Provided material: Begin

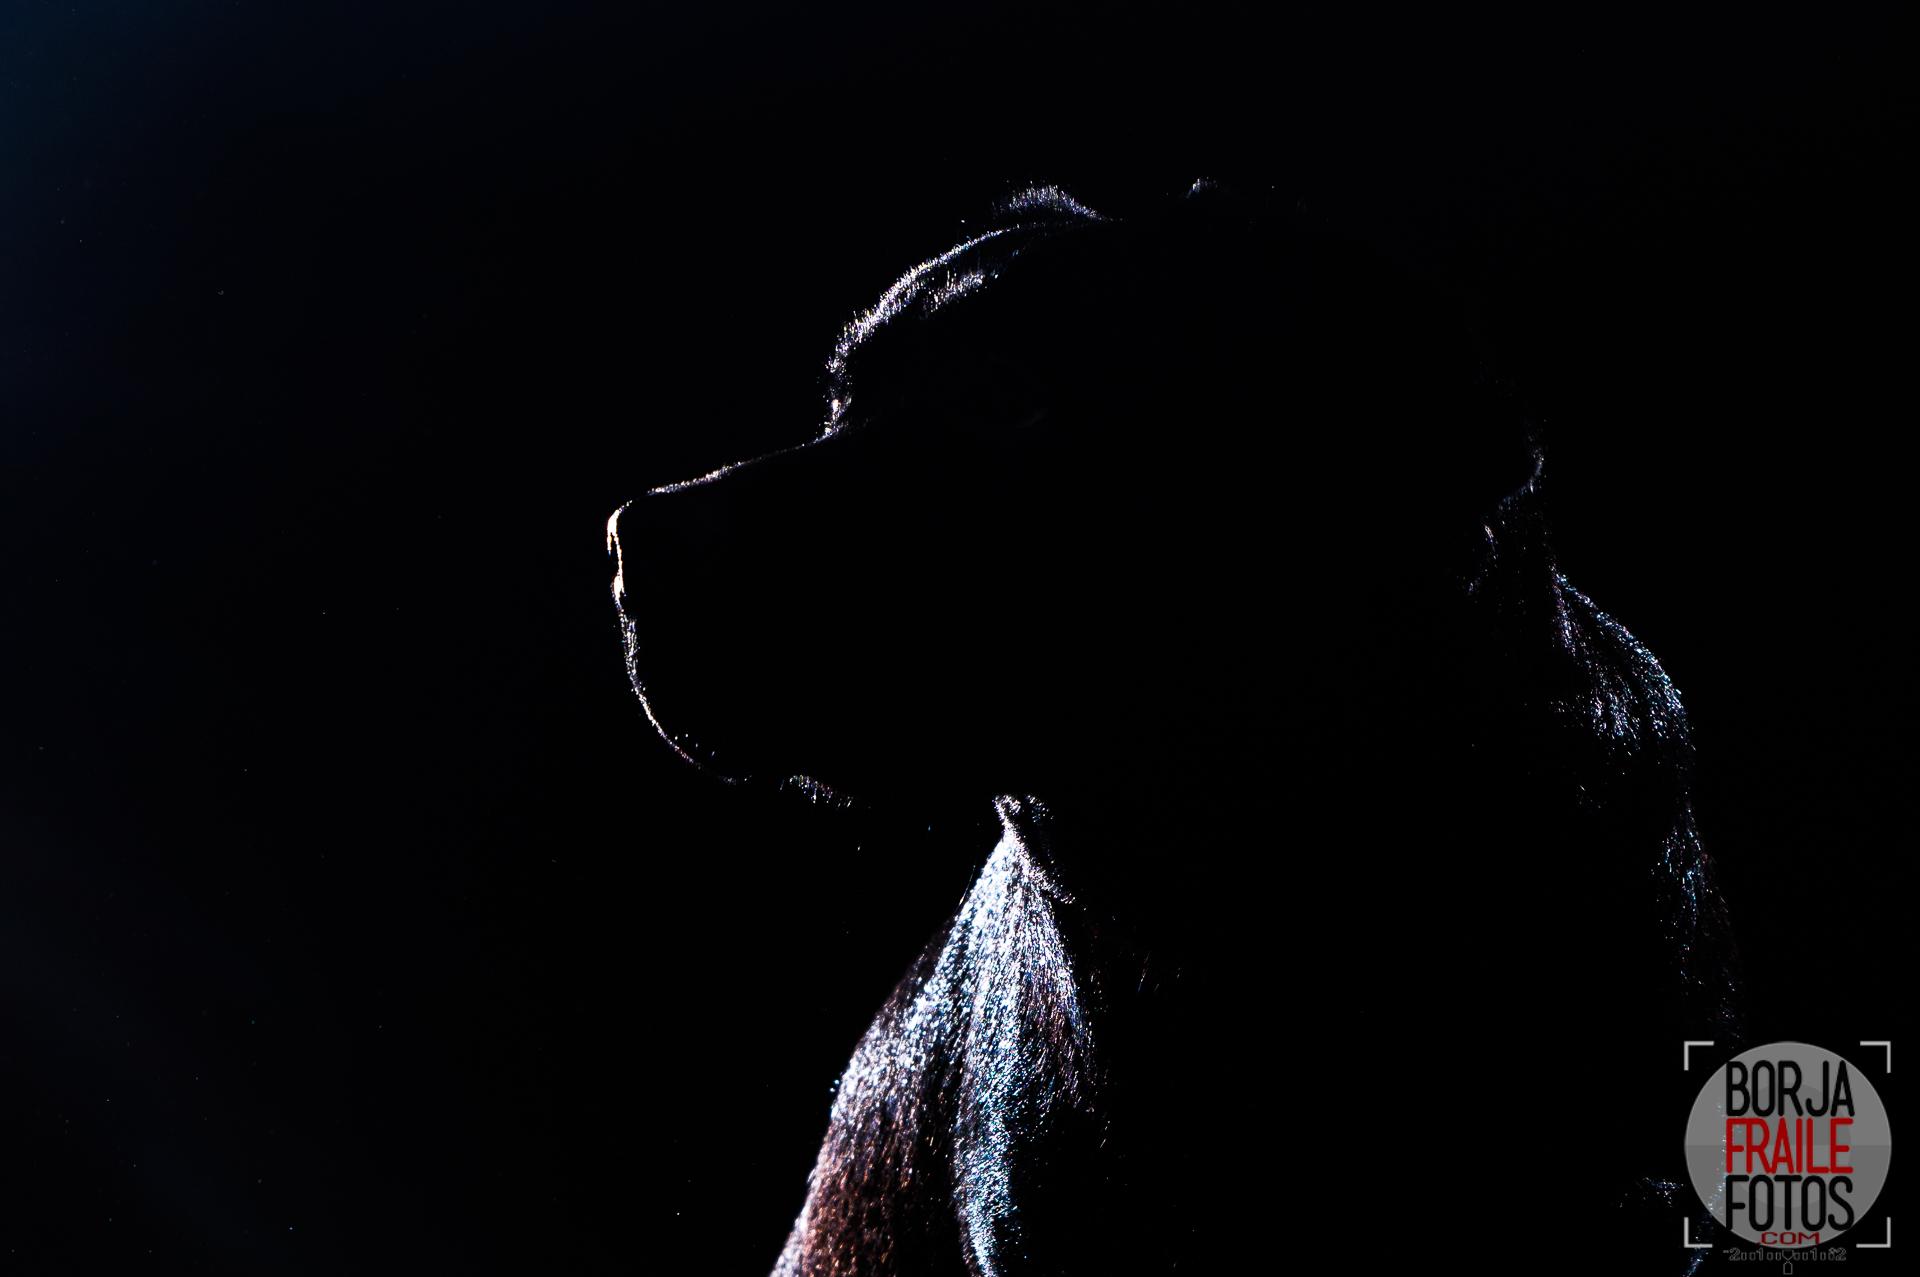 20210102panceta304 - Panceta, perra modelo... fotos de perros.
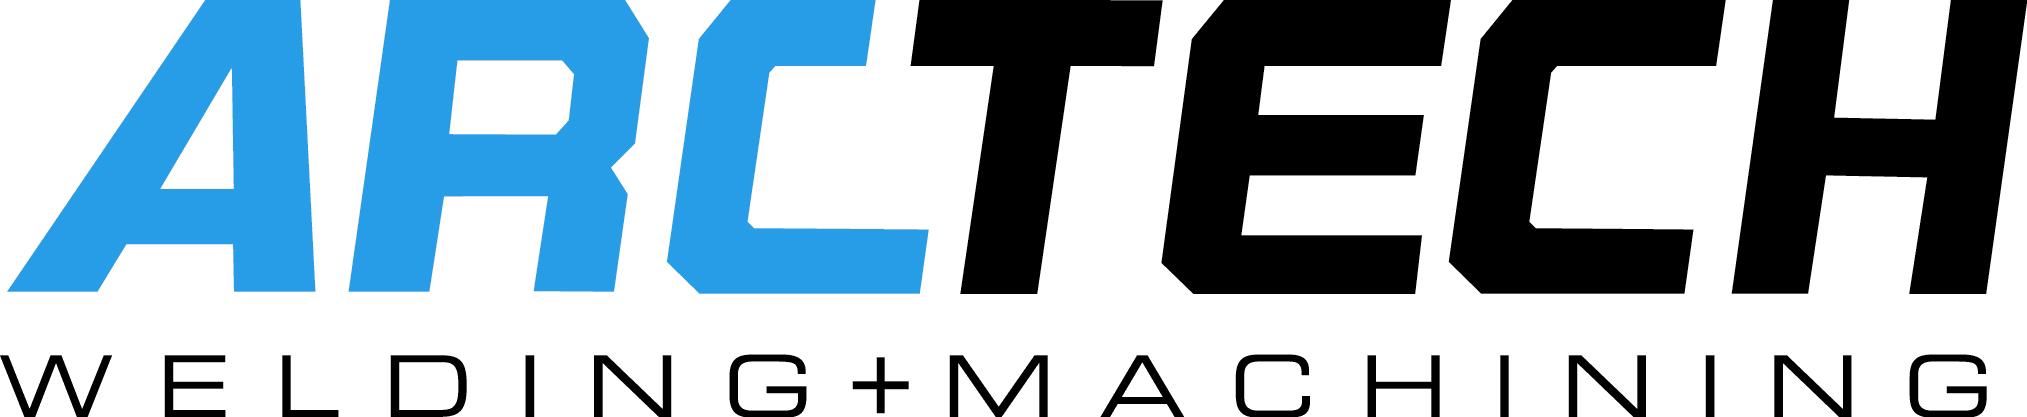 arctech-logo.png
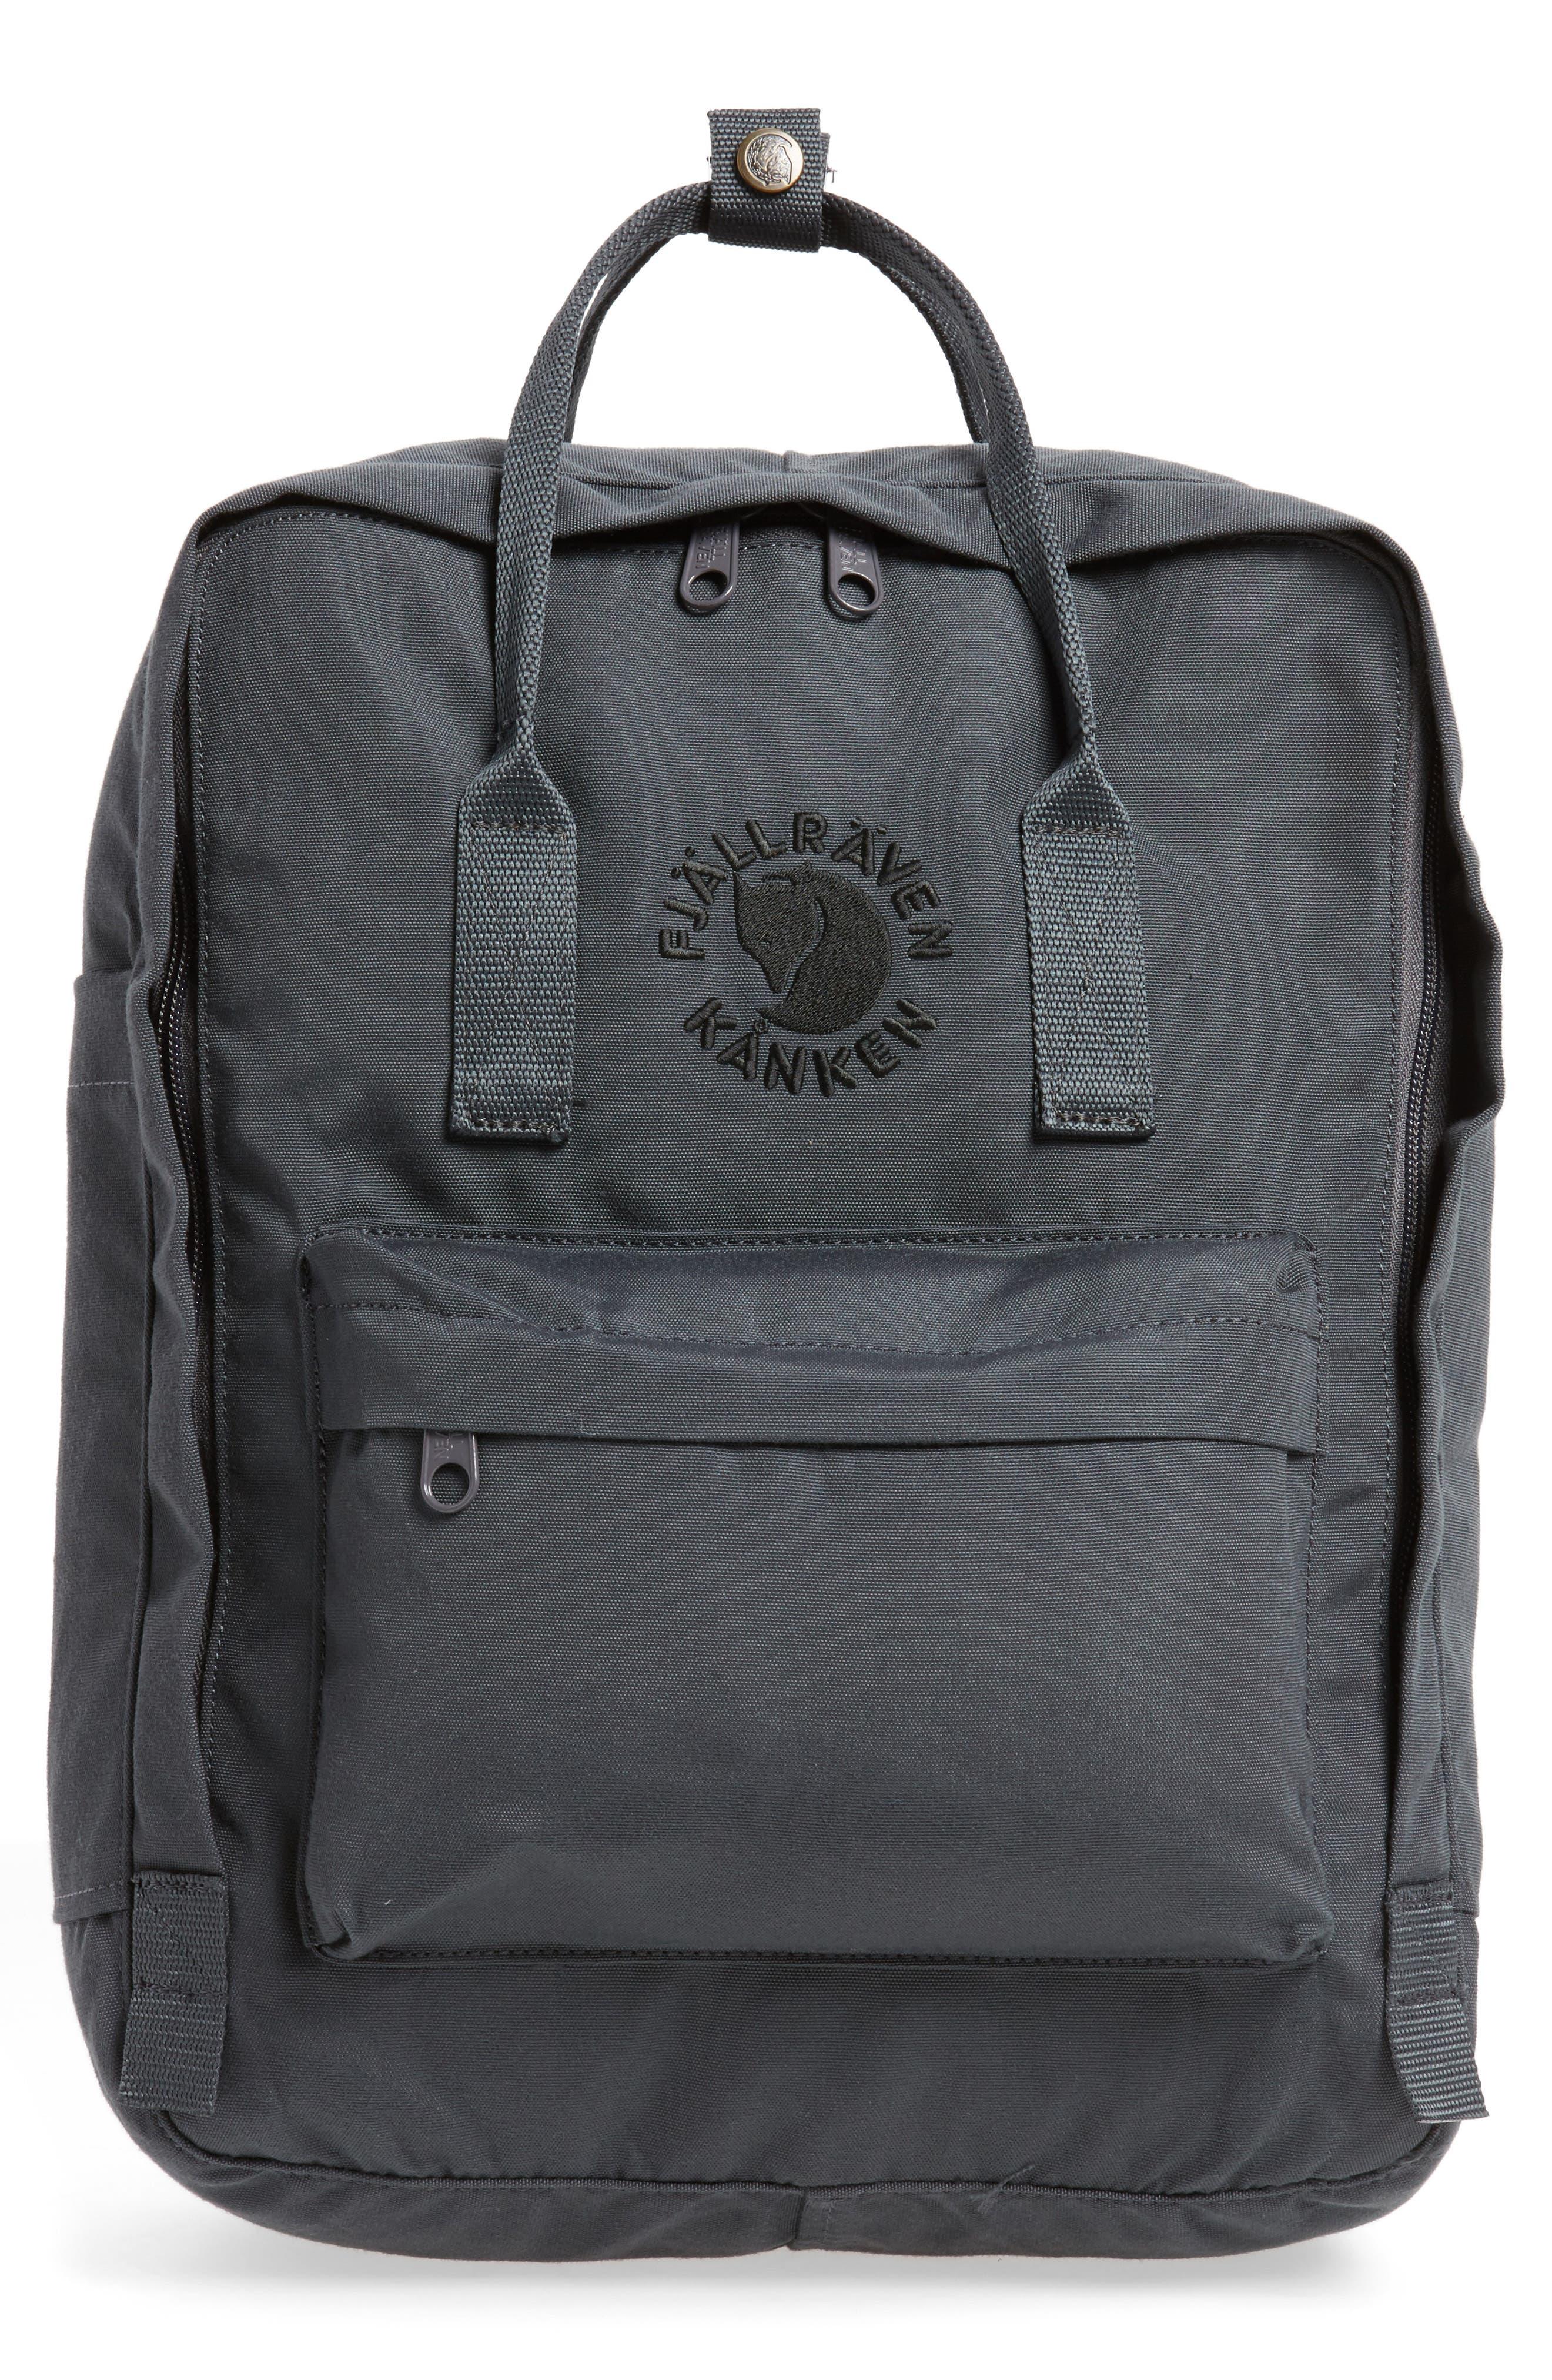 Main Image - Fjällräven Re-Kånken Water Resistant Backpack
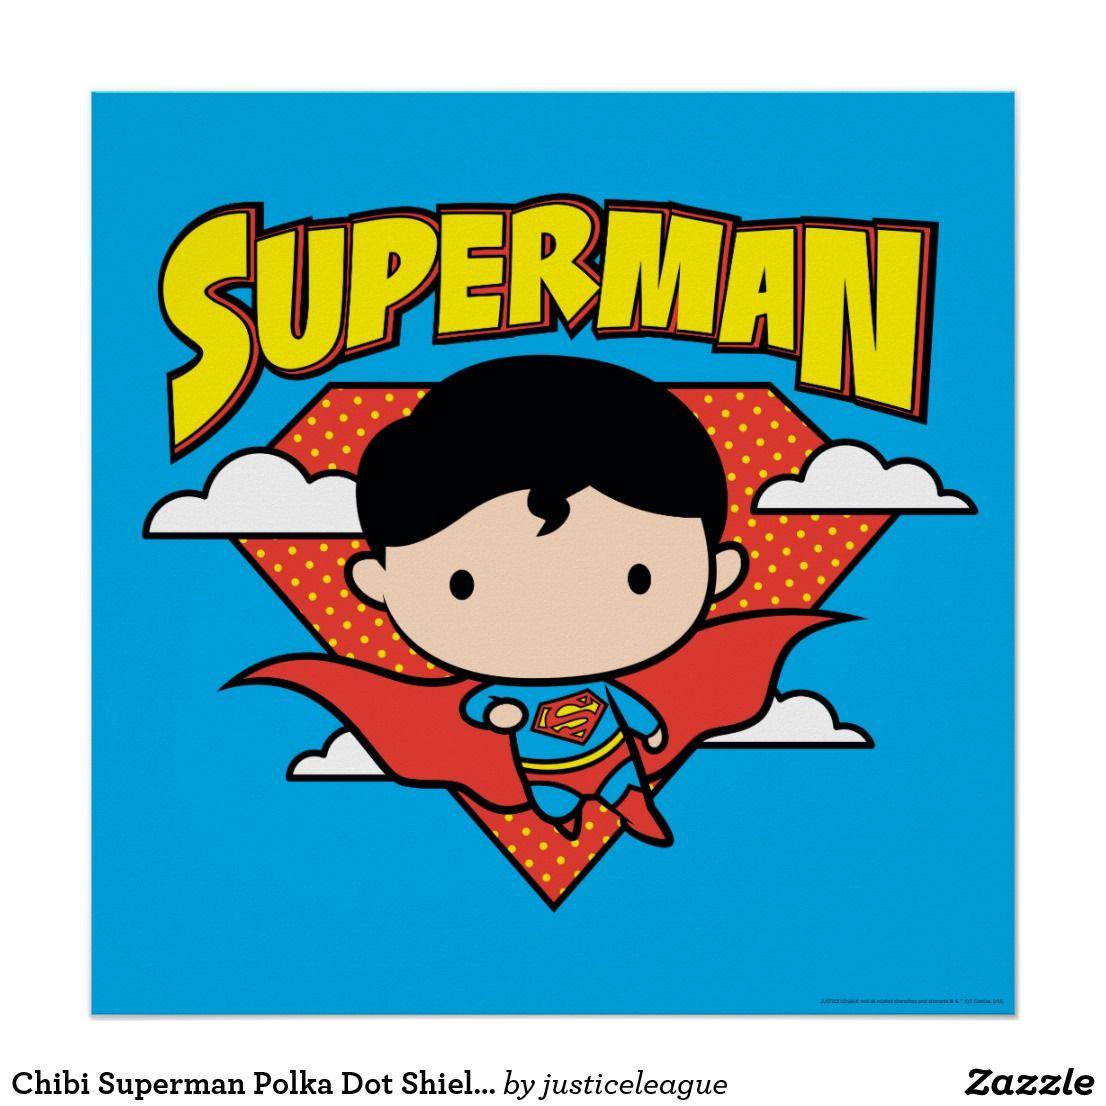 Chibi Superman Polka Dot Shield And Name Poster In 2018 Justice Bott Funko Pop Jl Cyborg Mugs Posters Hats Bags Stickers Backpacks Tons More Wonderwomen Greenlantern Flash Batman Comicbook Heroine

Provided material: End

- **Exercise**
Drop the pictures; repeat the listing above exactly.

- **Response to this task**
 20210102panceta304 - Panceta, perra modelo... fotos de perros.
 arctech-logo.png
 Main Image - Fjällräven Re-Kånken Water Resistant Backpack
 Chibi Superman Polka Dot Shield And Name Poster In 2018 Justice Bott Funko Pop Jl Cyborg Mugs Posters Hats Bags Stickers Backpacks Tons More Wonderwomen Greenlantern Flash Batman Comicbook Heroine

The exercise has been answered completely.